Default descriptor initialization (and discussion of C vs C++ callbacks) #158

mrshannon opened this issue Jun 2, 2022 · 34 comments · Fixed by #422
Labels
has resolution Issue is resolved, just needs to be done

Comments

@mrshannon
Copy link

mrshannon commented Jun 2, 2022

Many of the descriptors in WebGPU have default values, and more importantly default values which are not 0 and so a simple memset or zero initialization is not appropriate.

An example of what does not work

WGPUTextureDataLayout TextureDataLayout = {0};
TextureDataLayout.bytesPerRow = 512;

In this case rowsPerImage = 0 instead of WGPU_COPY_STRIDE_UNDEFINED.

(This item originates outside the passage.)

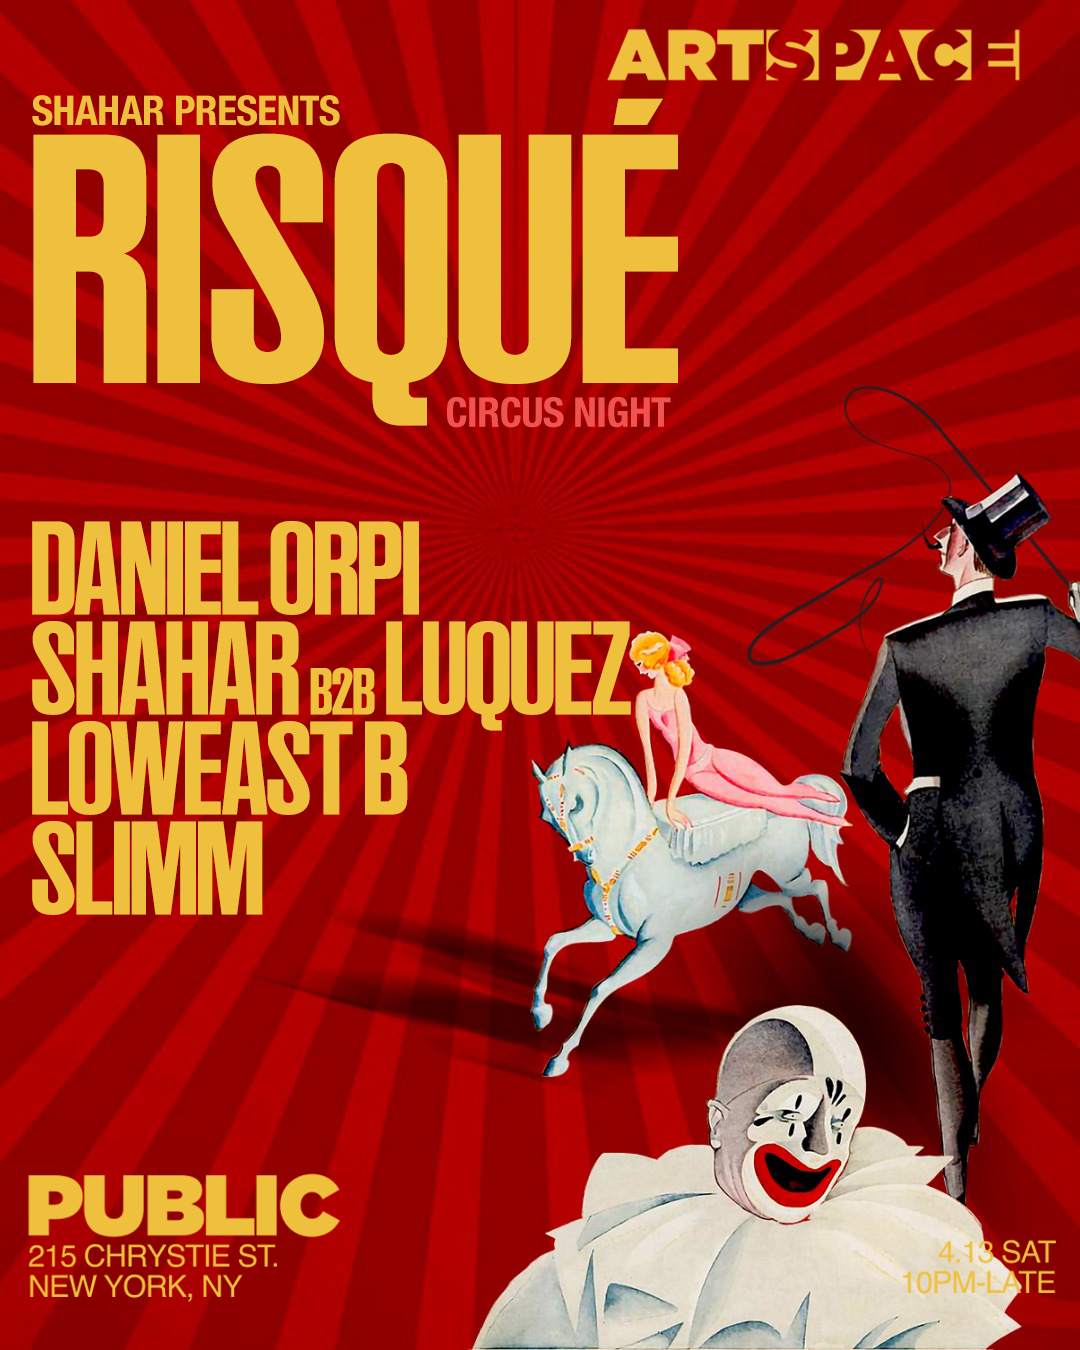 Shahar presents Risqué circus night W Daniel Orpi - フライヤー表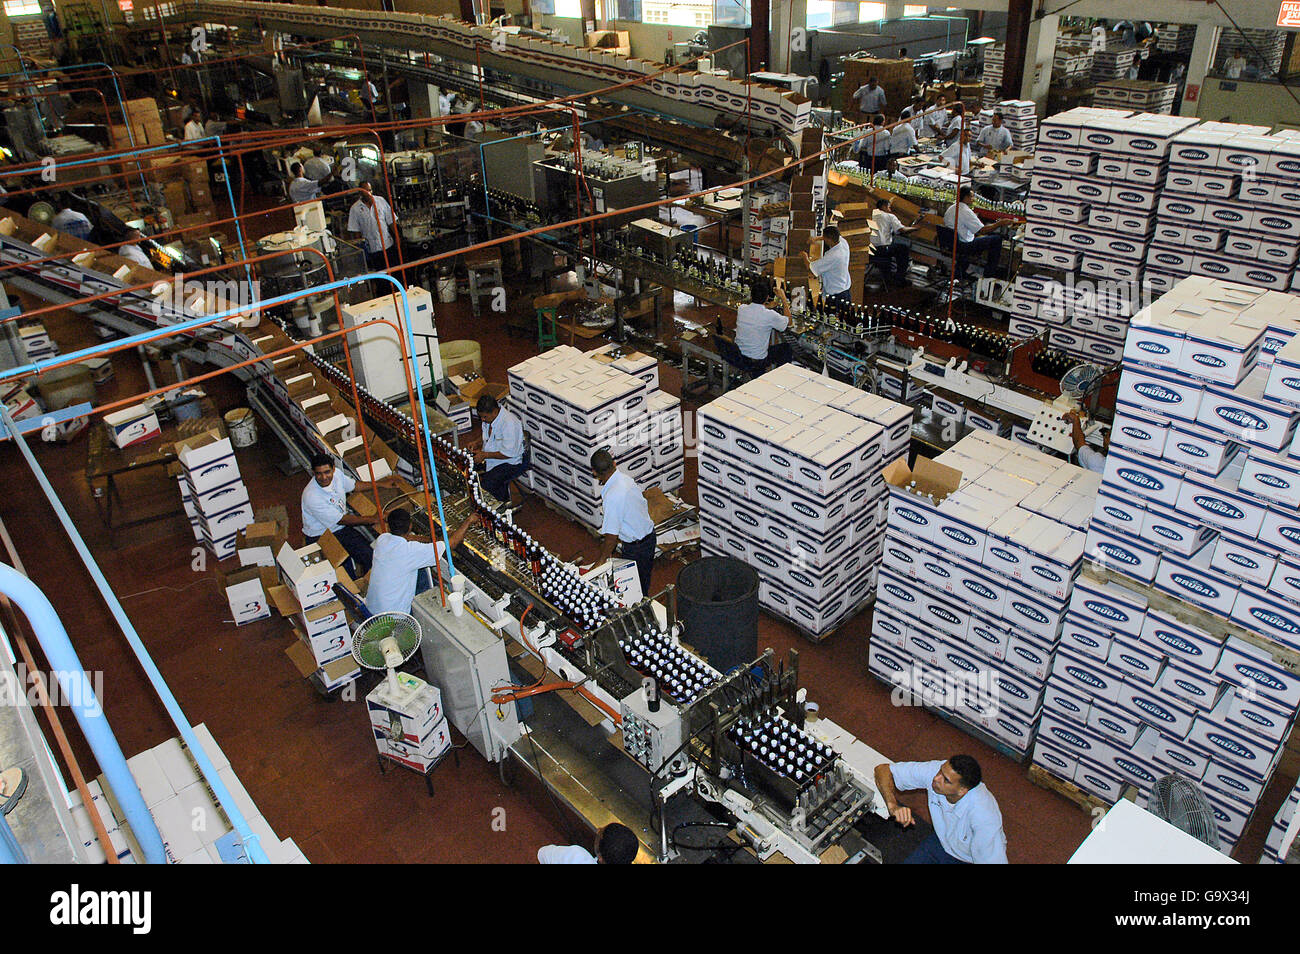 Brugal rum factory, packing station, Puerto Plata, Dominican Republic, Island of Hispaniola, Caribbean Stock Photo

Therefore, I propose adding default initialization defines to webgpu.h. While it is possible for each user to create their own, there are some benefits to implementing this in webgpu.h:

  • Adding fields later with default values to descriptors does not introduce undefined behavior in existing code.
  • It is possible to change default values later without breaking existing code (while WGPU_COPY_STRIDE_UNDEFINED fixes this, many defaults do not have a define as they are simply 0).
  • One source of truth

One way to implement this is to add defines for each descriptor:

#define WGPUTextureDataLayout_DEFAULT { NULL, 0, WGPU_COPY_STRIDE_UNDEFINED, WGPU_COPY_STRIDE_UNDEFINED }

This would allow users to write:

WGPUTextureDataLayout TextureDataLayout = WGPUTextureDataLayout_DEFAULT;
TextureDataLayout.bytesPerRow = 512;

TODO list:

@Kangz
Copy link
Collaborator

Kangz commented Jun 3, 2022

This would have helped us a lot in Chromium at various time when removing / deprecating members :) I could change the generator to produce these defines at the bottom of the webgpu.h (guarded with a #ifndef WGPU_SKIP_STRUCT_DEFAULT_MACROS or something).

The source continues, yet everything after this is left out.